#### BRIEF
Write out the listing below exactly, and omit any images you find in it.

#### PROVIDED DATA

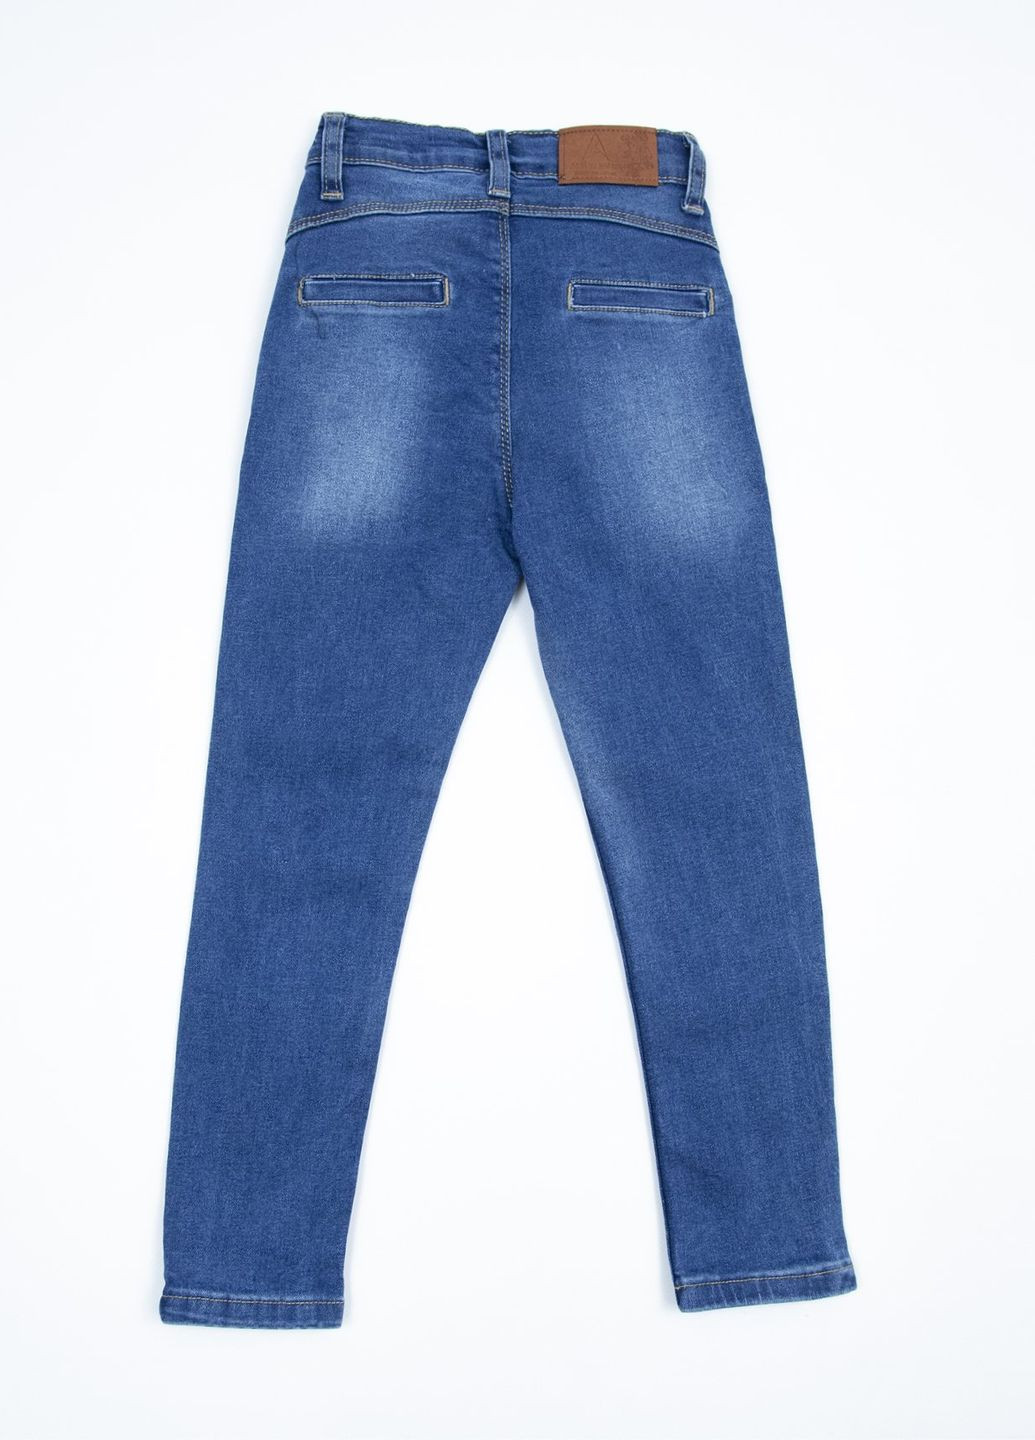 Синие демисезонные зауженные джинсы для девочек зауженные синие с кокеткой Altun
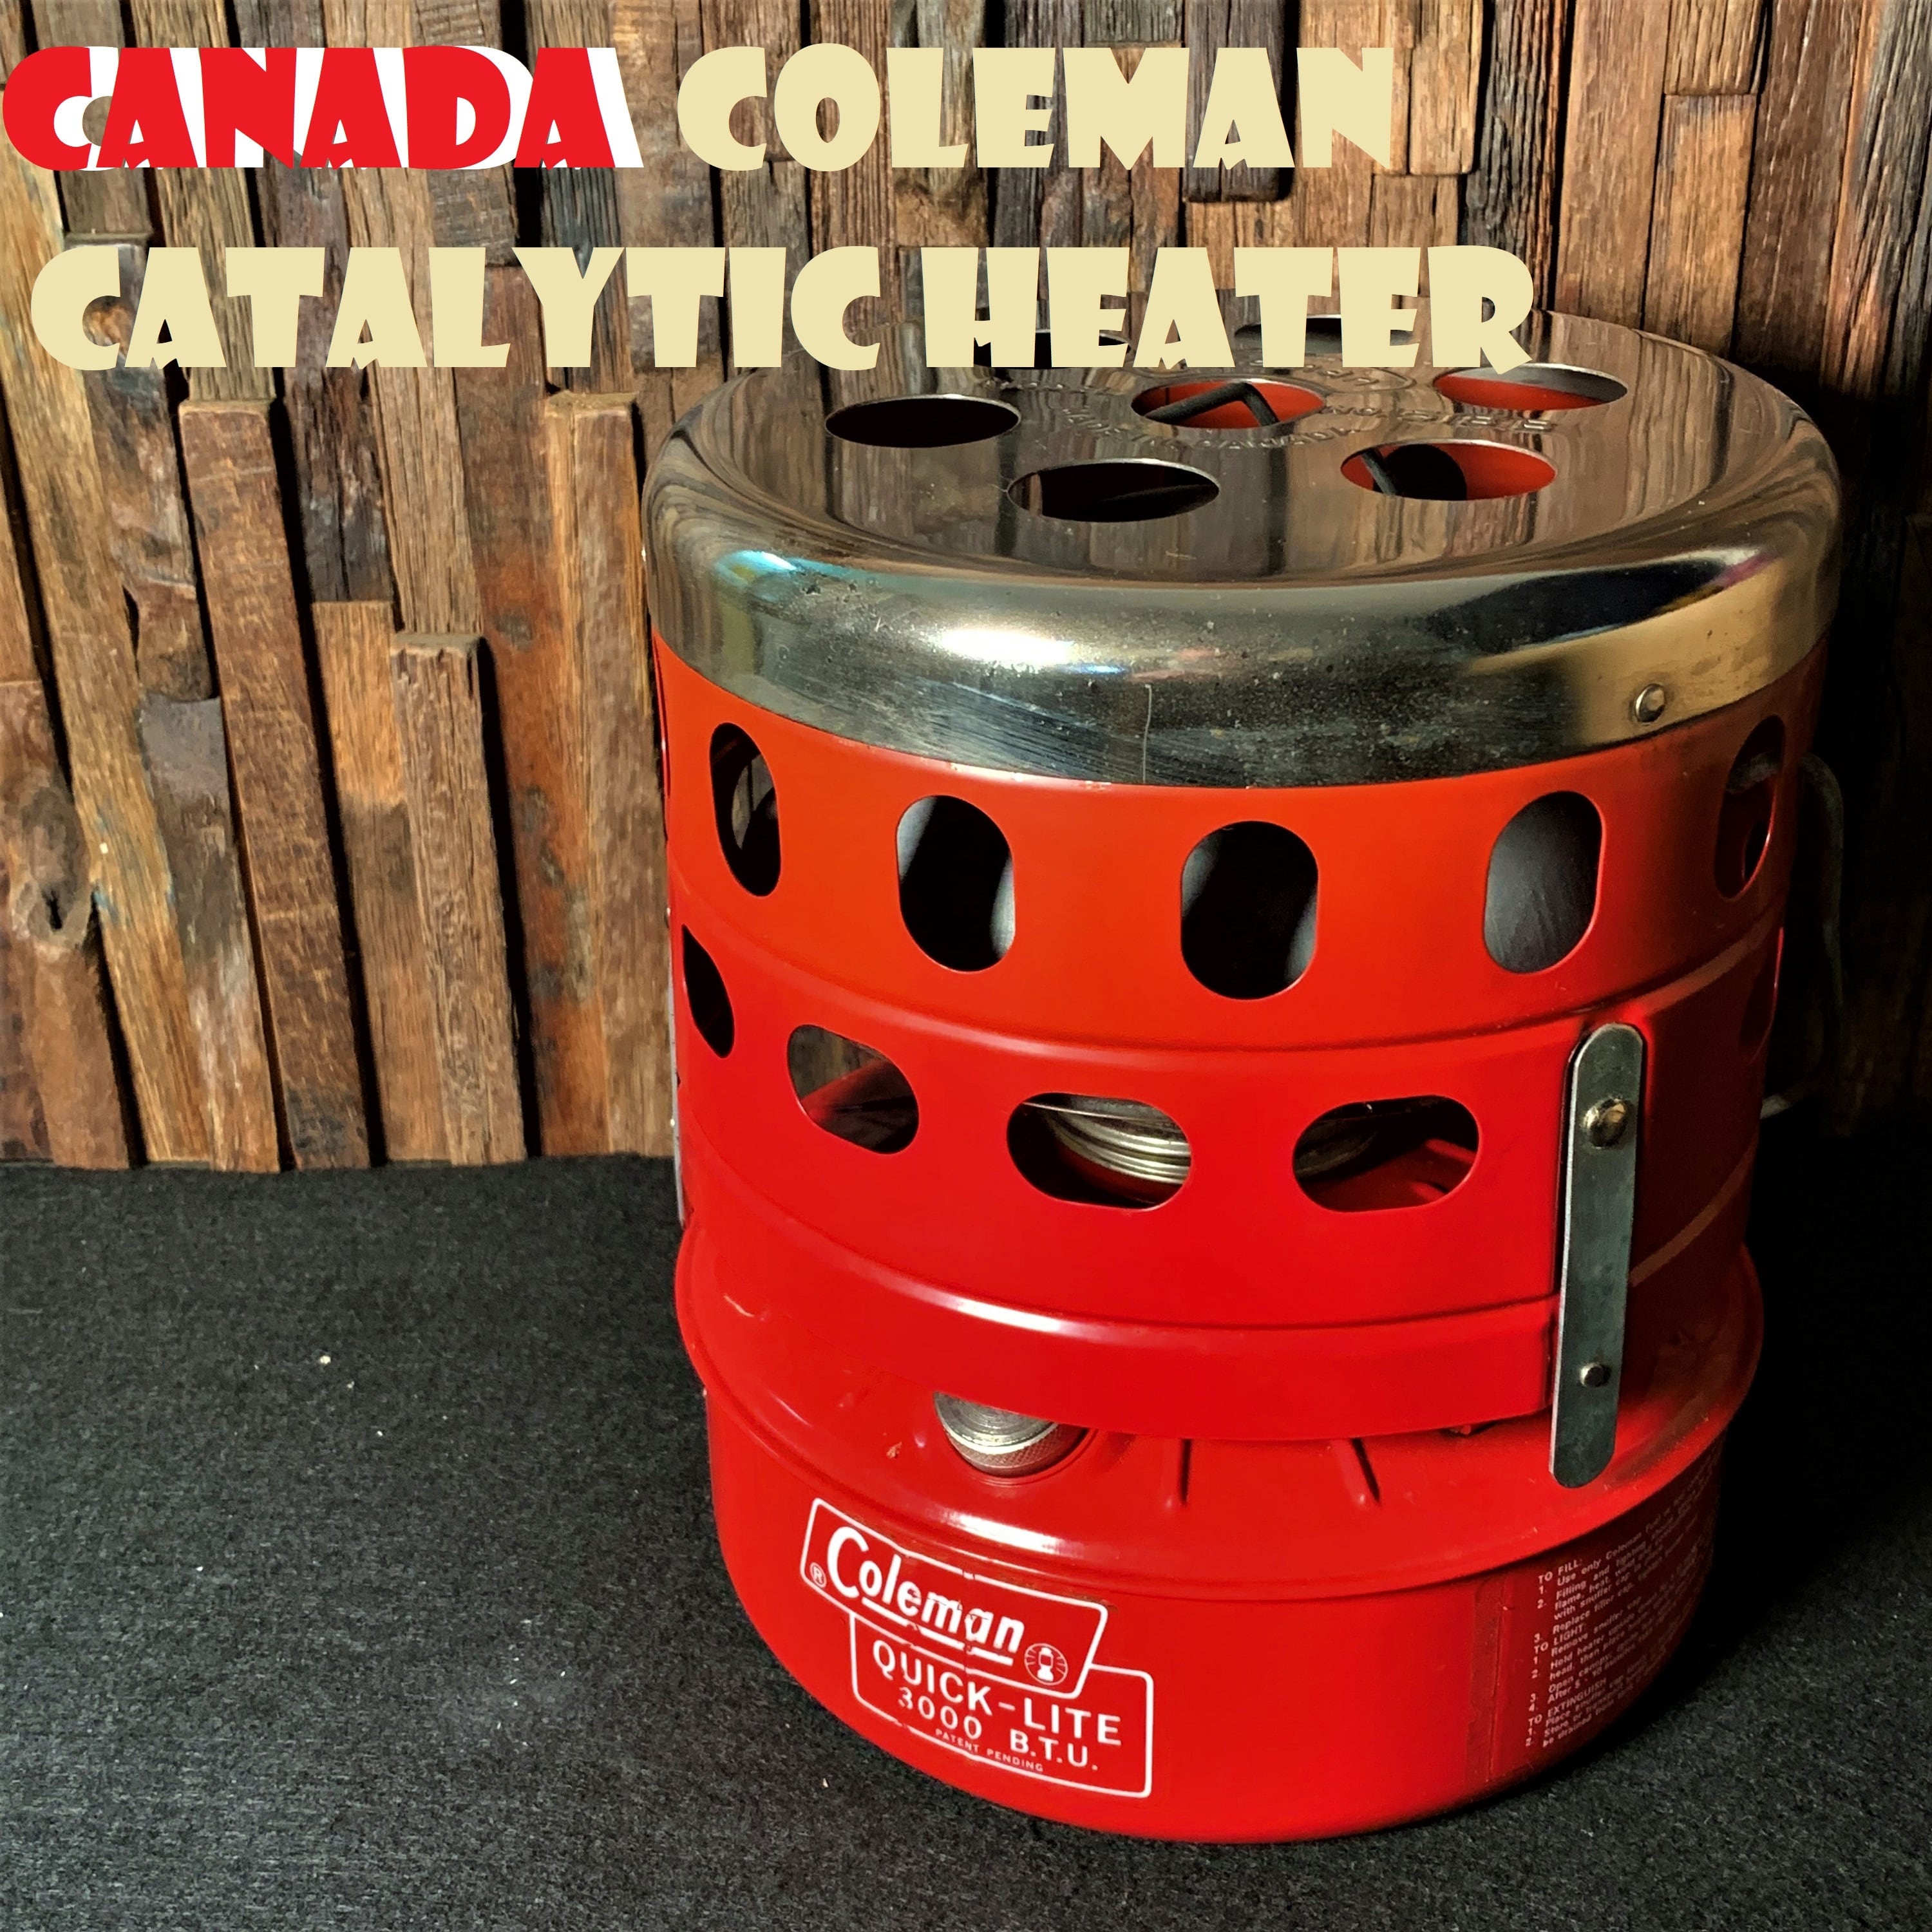 カナダ コールマン キャタリティックヒーター 518B コンパクト 赤
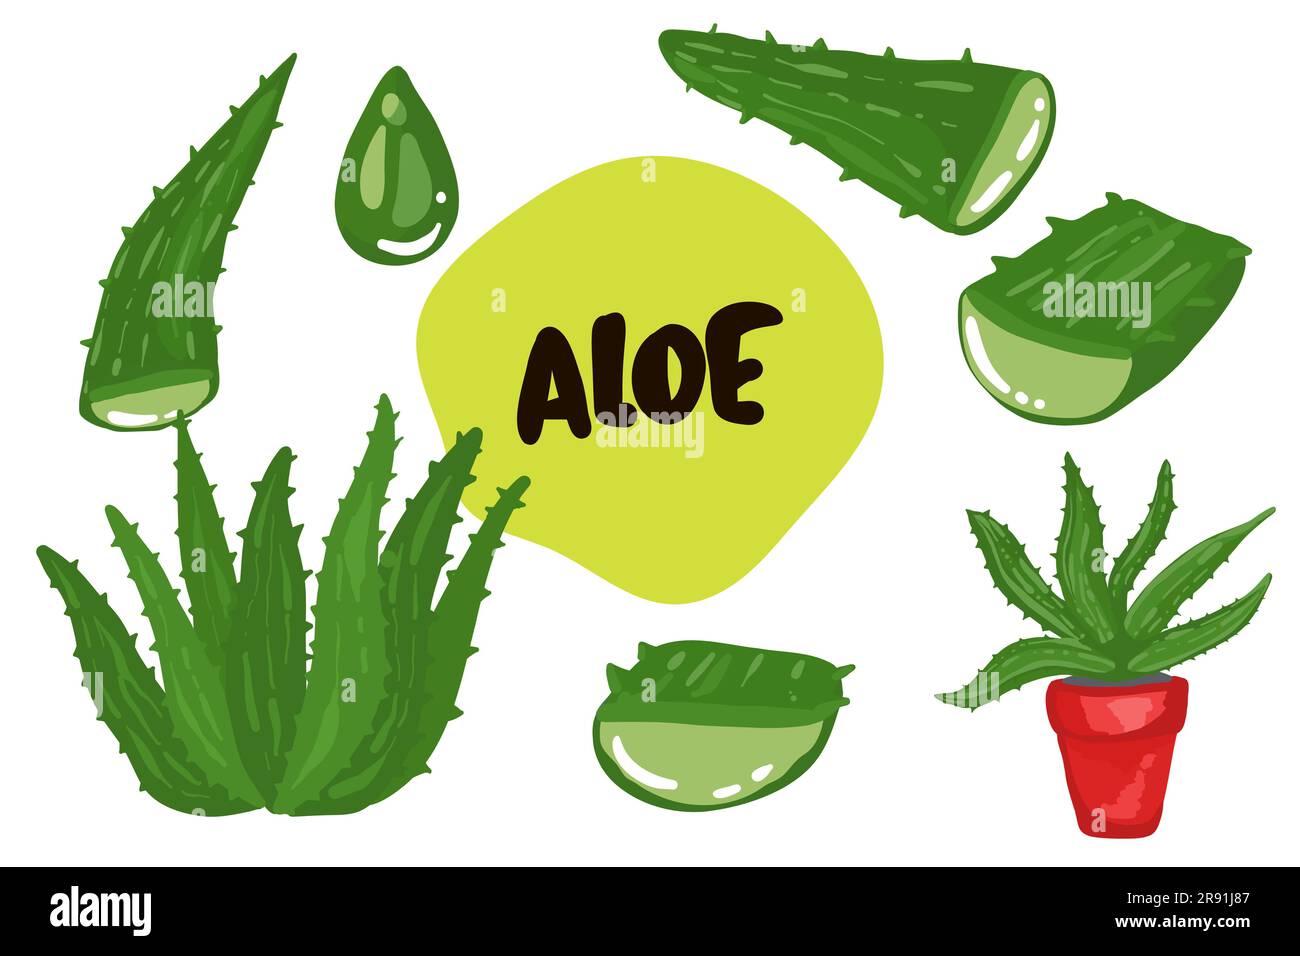 Aloe Vera Planta Medicinal Hojas Esquejes Y Gotas De Jugo Elementos Colección Sobre Fondo 7928
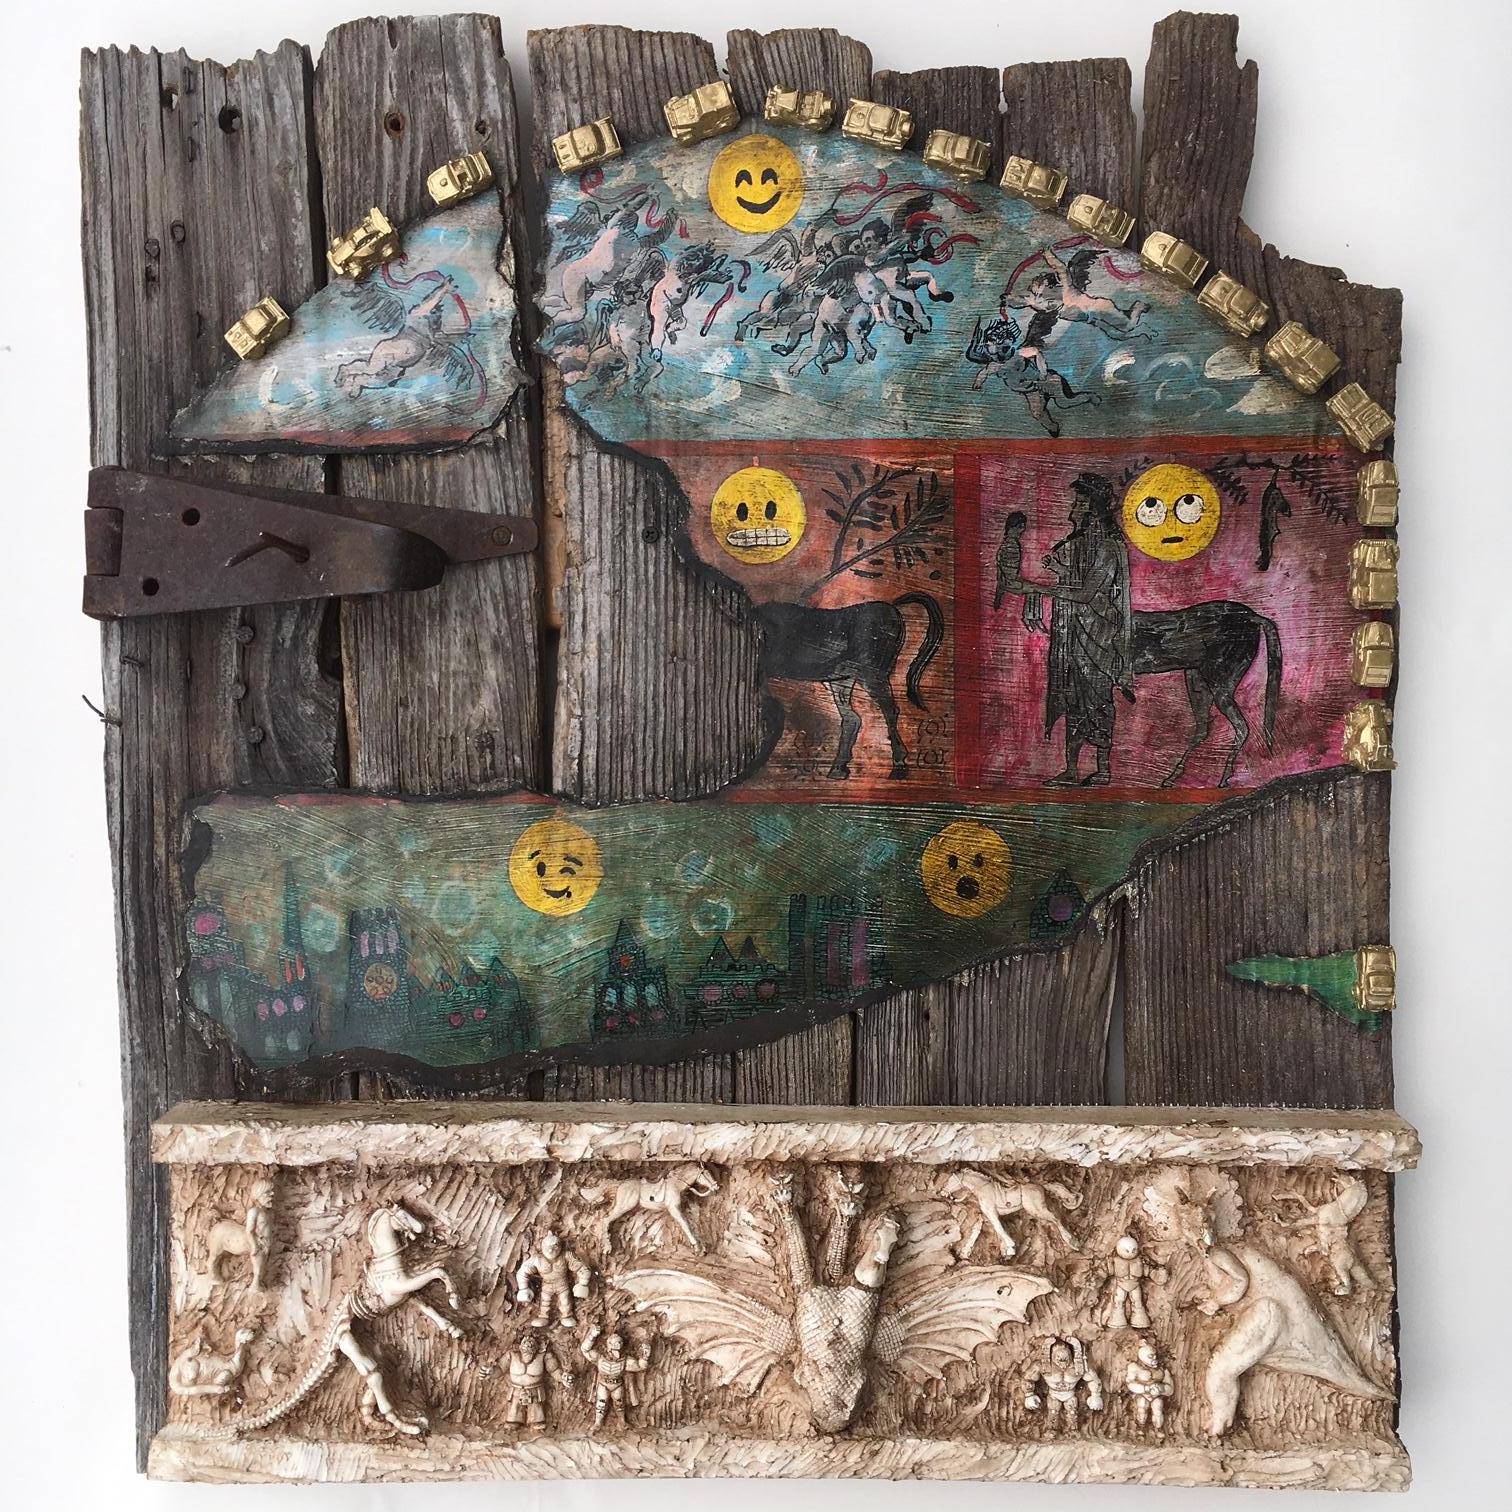 Peinture et sculpture sur une ancienne porte de grange : "The Riddle of the Horse" (L'énigme du cheval) - Mixed Media Art de Joshua Goode

#### SOLUTION TO THIS TASK
 Синие демисезонные зауженные джинсы для девочек зауженные синие с кокеткой Altun
 カナダ コールマン キャタリティックヒーター 518B コンパクト 赤
 Aloe Vera Planta Medicinal Hojas Esquejes Y Gotas De Jugo Elementos Colección Sobre Fondo 7928
 Peinture et sculpture sur une ancienne porte de grange : "The Riddle of the Horse" (L'énigme du cheval) - Mixed Media Art de Joshua Goode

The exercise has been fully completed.